FER, Zagreb, Croatia

Break it up!


In the game of monopoly, are the days of the tech giants numbered or do they just pass go?

In 2018, global GDP was $84 Thousand Billion. The Big Five in tech - Apple, Amazon, Alphabet (Google), Microsoft and Facebook alone are valued at $3882 Billion.

The tactics these companies are using look more and more like the tactics of the great early monopolies, the US Standard Oil and Ma Bell. Agression, copying and buying out are the order of the day, killing competition and causing global antitrust lawyers to look up. The scandals they are embroiled in are pretty much daily news. Consumers and businesses are locked in.

Open Source suffers - these companies half open source old software, leading to consumer and developer lock-in. They give but they take far more.

Looking at how monopolies were broken up in the past, and examining the acquisitions made after, the companies that grow out of the rubble look almost exactly the same as the old companies, having bought the fragmented parts of old parents.
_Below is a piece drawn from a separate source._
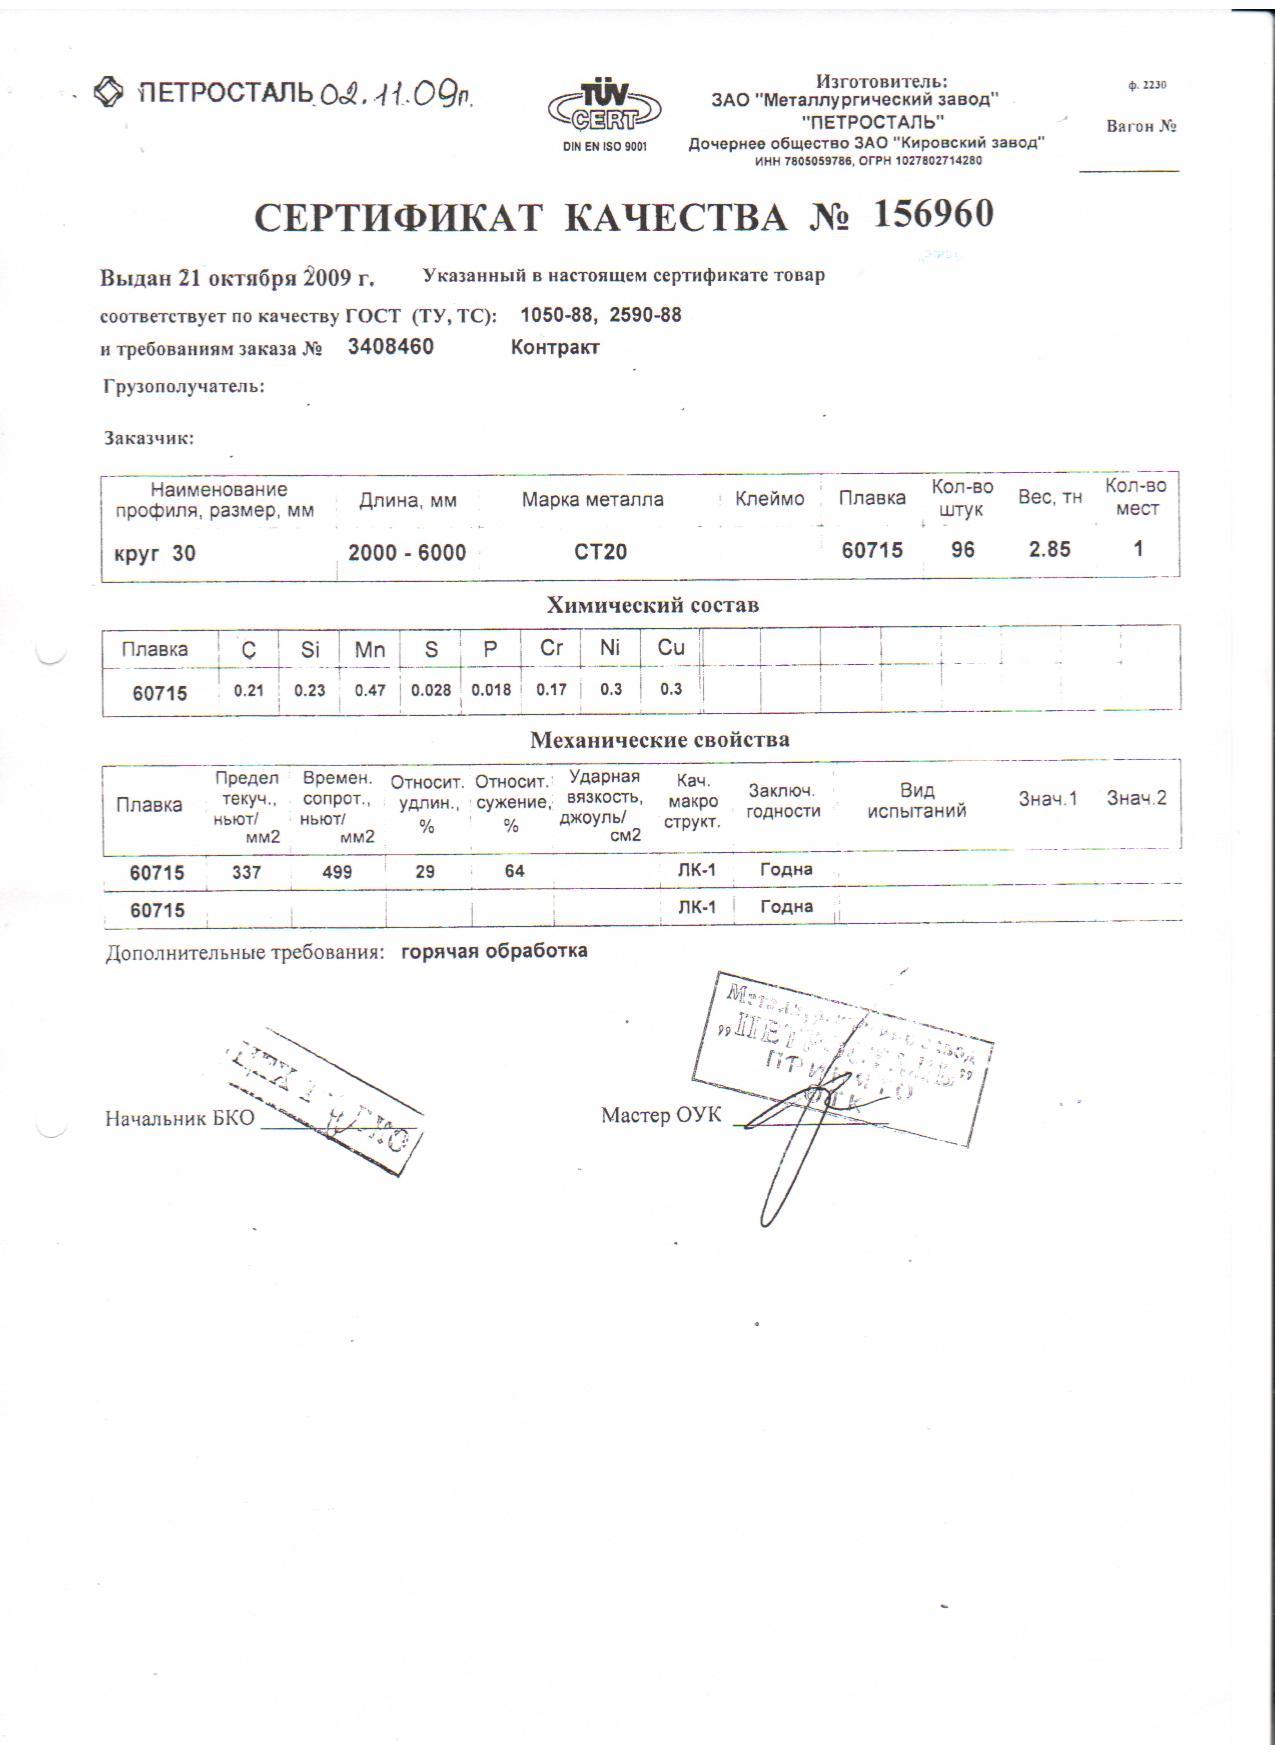 Сертификат качества на круг диаметром 20 30 гост 2590-88 скачать сертификат гост 530-80

Does antitrust law work then. Are the big tech companies really monopolies, or is it not that bad? Why is this an Open Source issue? What can we do about it, and would we want to?






Robin Edgar

In an entrepreneurial career Robin Edgar has lead many projects for customers ranging from multinational stock exchange listed companies to small and medium sized business. Currently, Robin Edgar is consulting on organisational structures and strategy as well as IT projects, holding workshops on IT security for upper management as well as writing a book to motivate people to think about their careers. Guiding listed multinationals and smaller or mid-sized organisations, Robin Edgar is able to implement a clear structure and strategy in all levels of an organisation. By doing so, his goal is to increase efficiency, resulting in growth. With a strong international background, Robin Edgar has been exposed to many different cultures from a very early age. This has affected his views on life and interactions with others, creating a flexible approach to understanding differing points of view and ways of achieving results.


Hans de Raad

Independent consultant, open-source enthusiast (openSUSE, Drupal, etc). Also a big classical music lover (artistic manager of the Huygensfestival in Voorburg, supporter of several international chamber music festivals in/around The Hague, The Netherlands). One of my companies basic philosophies is, if open-source provides you with a stable revenue (thank you, 10x), you should do something in return. So my company donates 10% of its annual profit to one of the projects we've been using that year. This contribution can also be by providing help, i.e. in 2015 I was project lead and organizer for openSUSE conference in The Hague!